Glad to see the love for Crime Wave, which very nearly made my list and may find a spot due to your prompt
Rayon Vert wrote:
Sun Sep 20, 2020 1:16 pm
Gunman’s Walk (1958). ...the patriarch’s dreams and illusions coming apart (I have to reveal a kind of sadistic pleasure on my part in seeing what happens to Heflin here, which I guess says something about the quality of his own performance here - from sympathetic father figure when his family and ego gets threatened a bigoted, law-dismissing tyrant is revealed underneath)
I think that's a normal reaction from our objective point of view as the audience to his consequences of blind hypocrisy and manipulation of privilege, though I never saw him has a sympathetic father figure.

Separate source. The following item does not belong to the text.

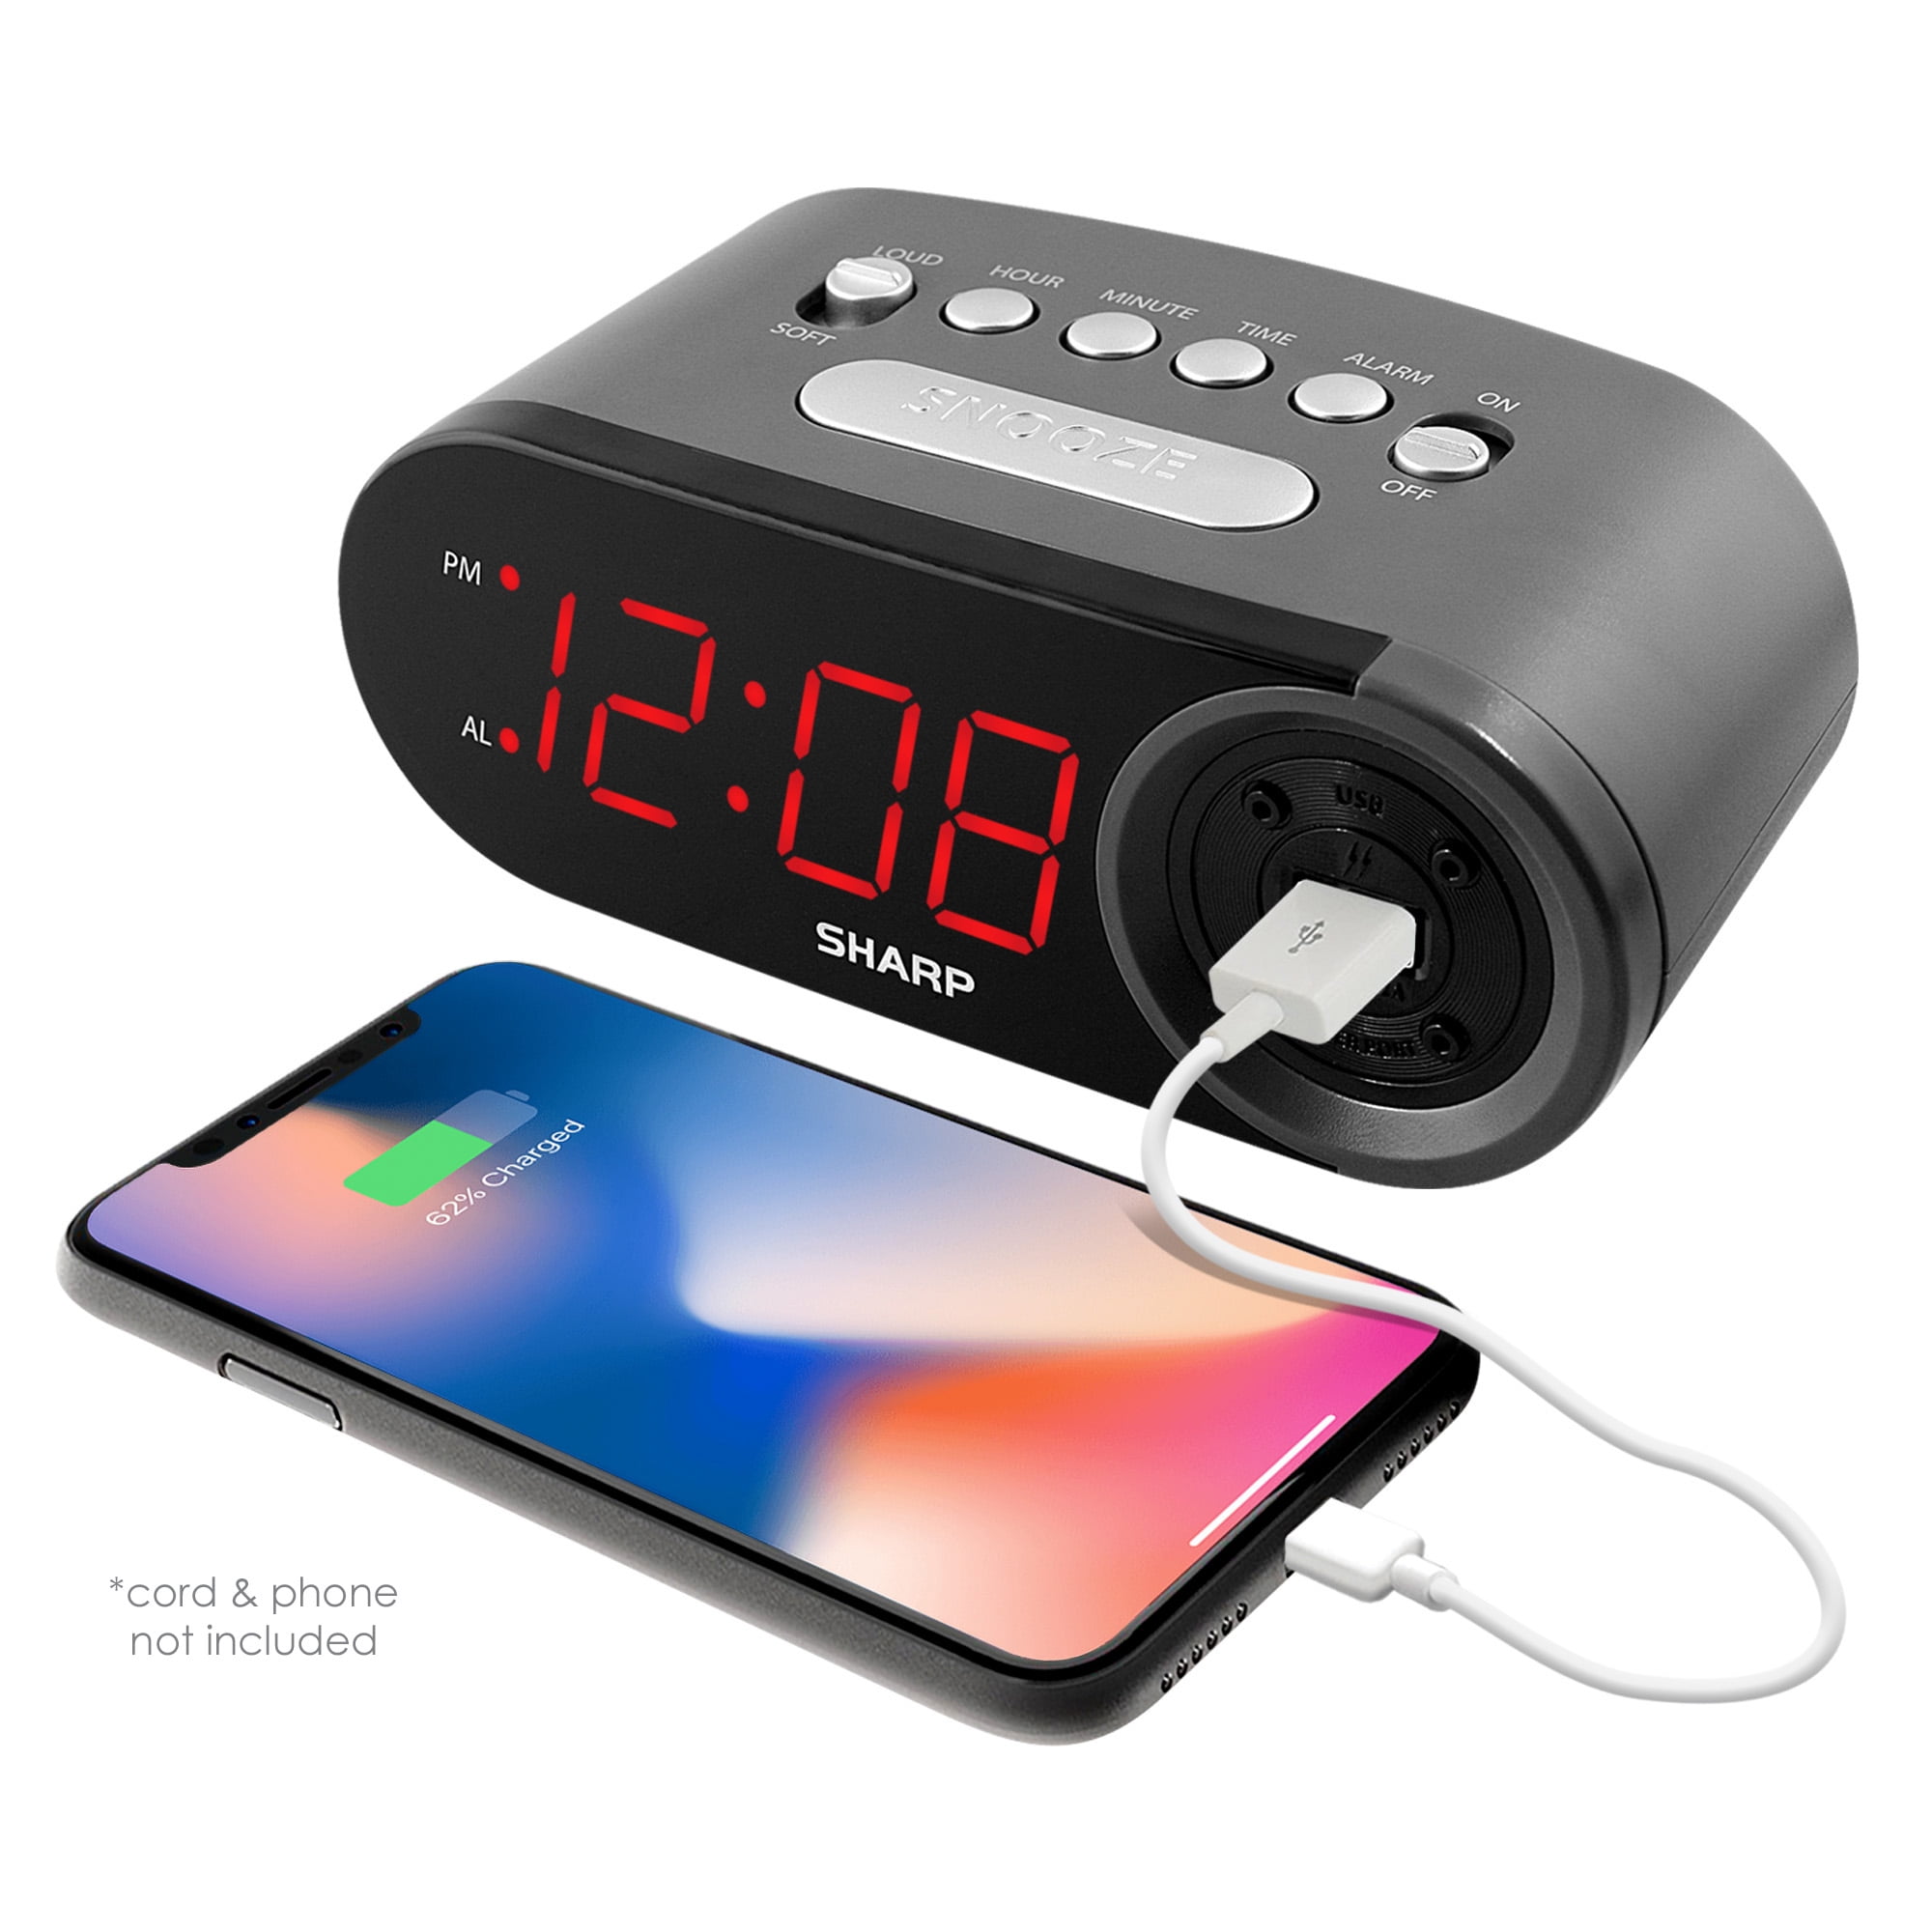 Sharp Digital Alarm Clock 2x 2AMP  USB Charge Ports for Cell phone/Tablet New

Instead I find empathy in the broad relatable state of being blind to one's effects on others, which doesn't discount the harm he perpetuates but rather forces me to sit in a grey space that acknowledges how I unconsciously default to solipsism like everyone and fail to peripherally assess the moral ramifications in every instance of being. Heflin genuinely believes he's doing the best he can, and the 'right' thing according to his own code, which makes it all the more tragic. He's responsible but not directly accountable for all, and so instead of answering to an external judge, jury, and executioner, he does to an internal one of the self and God, imprisoned with guilt which is a far worse punishment than any impartial court could sanction. Whether he "deserves" it or not from our objective position feels to be besides the point, since that subjective self-assessment is what will haunt him forever.